Flajolet and Sedgewick, Analytic Combinatorics (link goes to free, legal downloadable PDF of book), section VIII.6 treats the asymptotics of various types of partitions. They get that the number of partitions of $n$ into prime parts, which they denote $P_n^{(\Pi)}$ (and which is A000607) satisfies $\log P_n^{(\Pi)} \sim (2\pi/\sqrt{3}) \sqrt{n/\log n}$ (Here $f(n) \sim g(n)$ has the usual meaning $\lim_{n \to \infty} f(n)/g(n) = 1$.)

I believe (but have not explicitly checked) that if you disallow any finite number of primes this asymptotic formula still holds; in particular it should hold in the case you're asking about.

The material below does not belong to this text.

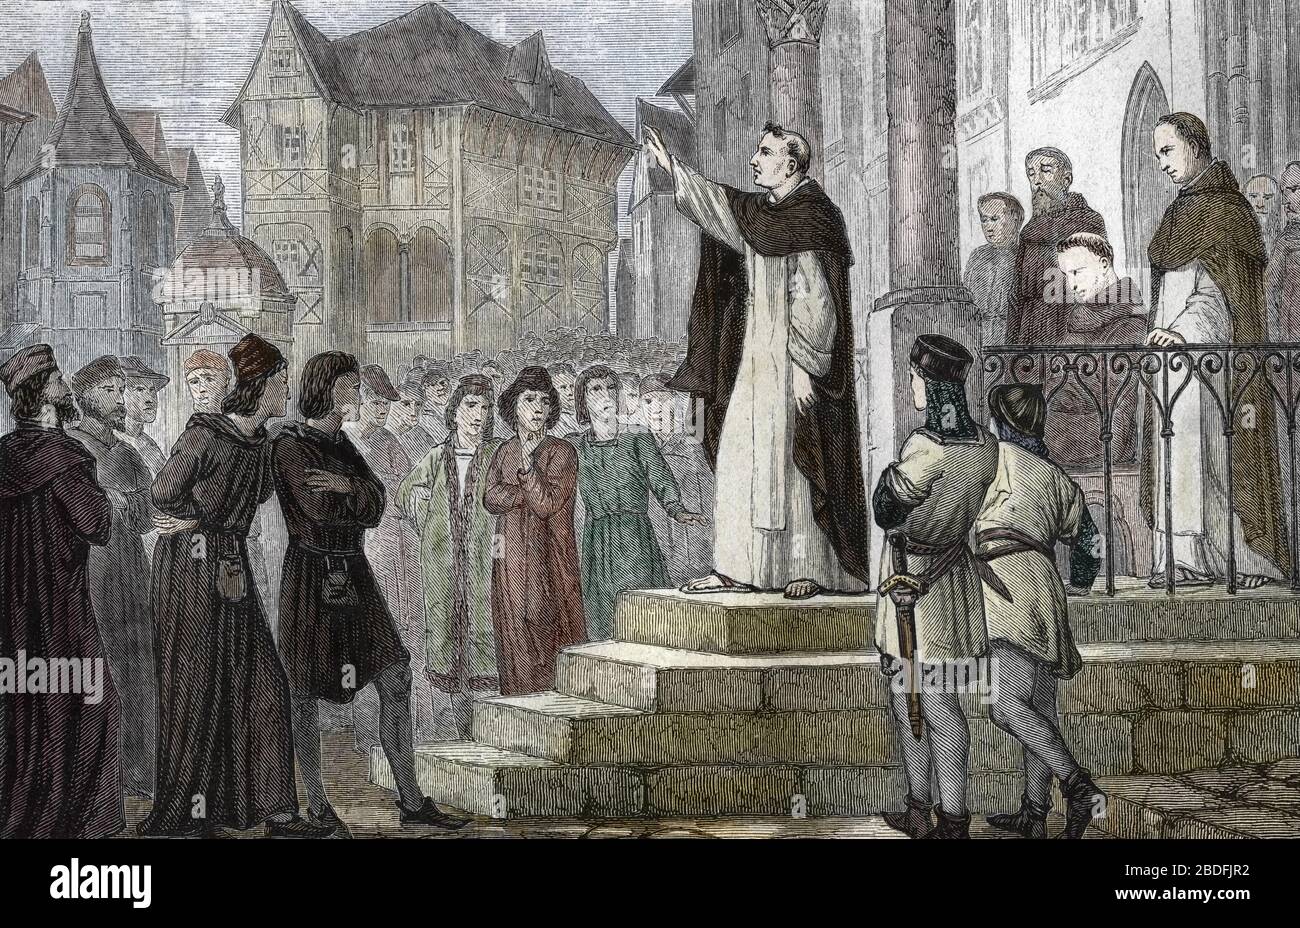 "Representation d' Albert le Grand (1193/1206-1280) enseignant a Paris, a l'Universite de Paris, au Premier couvent dominicain de la rue Saint Jacques Foto Stock
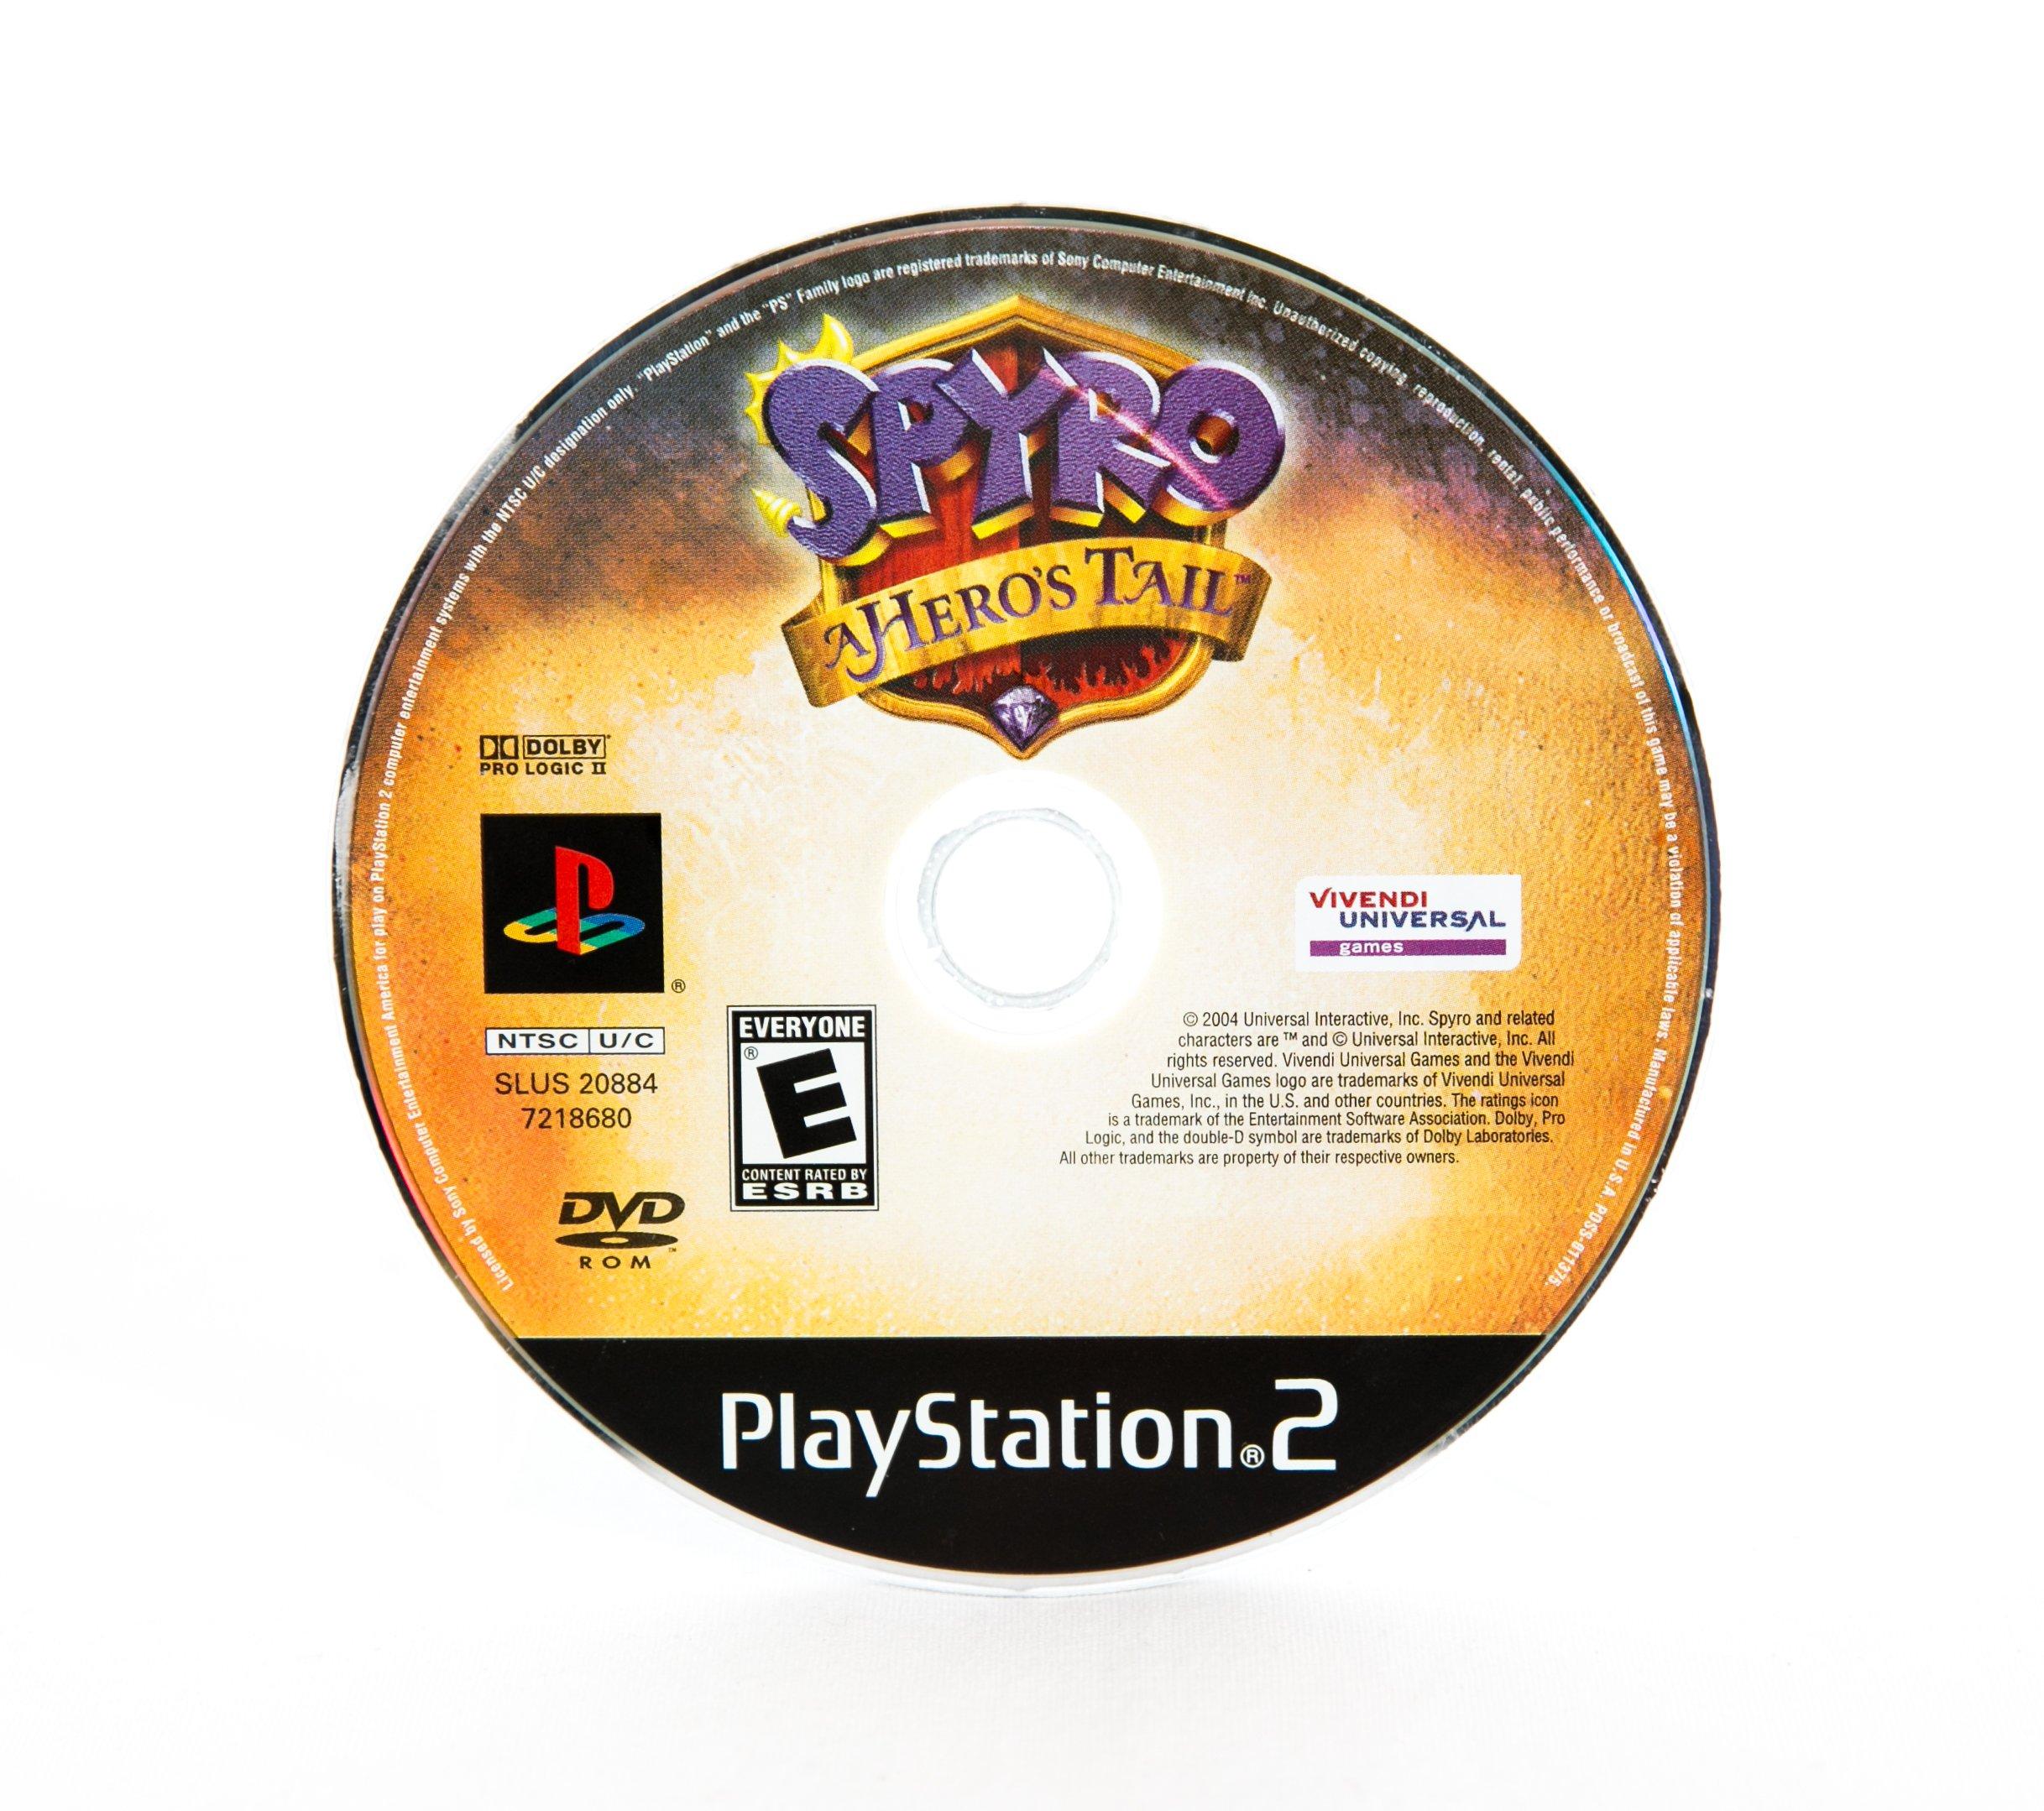 Pokémon Gold Version (1999) - MobyGames

Edited to add: The logarithmic growth rate comes from a saddle-point estimate which can in turn be derived from the rate of growth of $\prod_{n \ge 1} 1/(1-z^{p_n})$ (where $p_n$ is the $n$th prime) as $z \to 1^-$ along the real axis. As stated after the equation (73) in F&S, p. 580, $$ \sum_{n \ge 1} e^{-tp_n} \sim {t \over \log t} $$ and it's from this that the asymptotic result is derived. (Note that $z \to 1^-$ corresponds to $t \to 0^+$.) But if we omit the single term $e^{-2t}$ from that sum it won't change the asymptotic behavior at 0.

This isn't a full proof, though. The result is also a little bit counterintuitive, since one expects that a random partition of $n$ into primes, for large $n$, will contain at least one 2, and therefore leaving the 2s out should reduce the count considerably. But on the logarithmic scale this appears to be negligible.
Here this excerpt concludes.